Friday, January 09, 2009

Shame On Bush And Condi

Anne Bayefsky

This article, by Anne Bayefsky, originally appeared in Forbes.

Betrayal. No other word describes the reversal of American foreign policy that took place on the night of Jan. 8 when the U.S. refused to veto the Security Council resolution on Gaza.

A president whose friendship and alliance with Israel once appeared honest, perceptive and unshakable, decided two weeks before leaving office to throw Israel to the wolves. The resolution calls for a ceasefire in Gaza and does not even mention the word "Hamas."

There will no longer be a need for an Obama transition team on foreign policy. The outgoing president and secretary of State have done it all. Yesterday's resolution, along with another Condoleezza Rice-inspired resolution from mid-December, draws Israel into a Security Council spider web that U.N. enthusiasts have been weaving for decades.

Barack Obama and Hillary Clinton can simply step into George W. Bush and Condi Rice's shoes, label themselves new-age multilateralists and let the chips--in this case, remnants of Israel--fall where they may.

The Security Council resolution makes a mockery of Israel's right of self-defense. In fact, it makes no mention of a right of self-defense at all. Eight thousand mortars have rained down on Israel from the Gaza Strip over a period of eight years.

Israel withdrew every Israeli man, woman and child from Gaza three and a half years ago. Yet the United Nations draws an equivalence between a terrorist organization whose very modus operandi is to target civilians and a state whose aim is to protect civilians, Israeli and Palestinian.

Arab states could scarcely contain their glee. The U.K. went out in front and accepted the idea of a much stronger resolution instead of a Security Council presidential statement, and Secretary of State Rice rolled over and played dead within minutes.

Veto-wielding powers had reportedly given undertakings to Israel's Prime Minister Ehud Olmert that they would not permit a resolution. These promises were ignored in the face of allegedly enormous pressure from undemocratic thugs, state sponsors of terrorism and weak democracies cowering at the prospect of unhappy Muslim constituencies or a dent in their bank accounts from belligerent Arab sheiks. What, moaned U.S. officials, was poor Condi to do?

Here is what she did:

1. The resolution she supported makes no mention whatsoever of Israel's right of self-defense.

2. The resolution calls for a ceasefire while Israel is still under fire, thus gutting the right of self-defense.

3. The resolution puts a right of "all" states "to live in peace"--though Israel is the only state under fire--in its preamble instead of in the operative section of the resolution, where it would have carried substantive weight.

4. The resolution expresses grave concern only about the humanitarian crisis in Gaza. No concern is expressed over the humanitarian crisis in Israel that has forced half a million people into underground holes for eight years and left Jewish children growing up with the trauma of fleeing and hiding throughout their young lives.

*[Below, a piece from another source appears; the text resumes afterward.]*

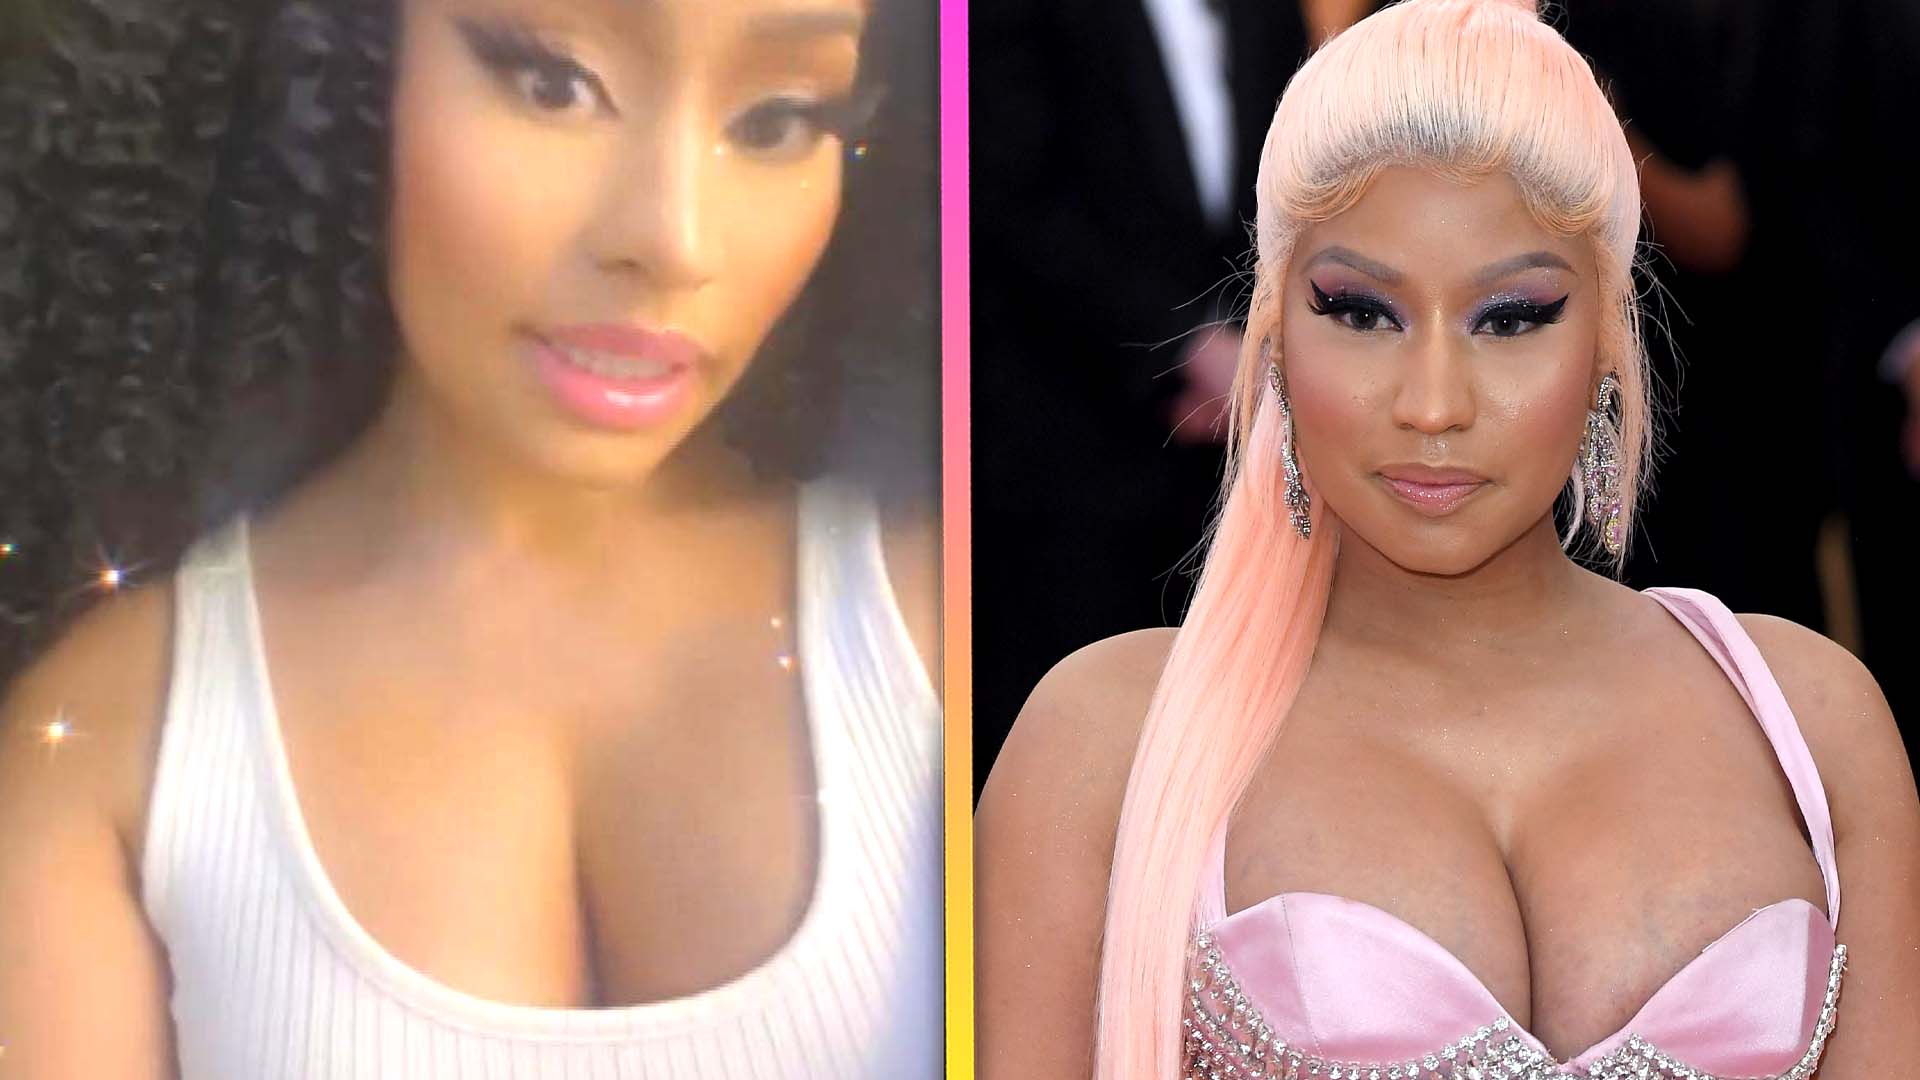 Nicki Minaj forced to get breast reduction as 'ti**ies wouldn't

5. The resolution makes no mention of any need to return Hamas kidnap-victim and Israeli soldier Gilad Shalit. It does not even demand that Hamas or the Palestinian Authority abide by the humanitarian requirement under international law to permit a single visit to Shalit from the International Red Cross or any other international agency.

6. The resolution calls for "unimpeded" provision and distribution throughout Gaza of myriad forms of humanitarian assistance--which obviously makes the conduct of war against Hamas terrorists impossible.

7. The resolution condemns "all acts of terrorism"--without mentioning the identity of the terrorist--leaving Islamic countries to claim that Israel is the state terrorist and that the condemnation has nothing to do with Hamas.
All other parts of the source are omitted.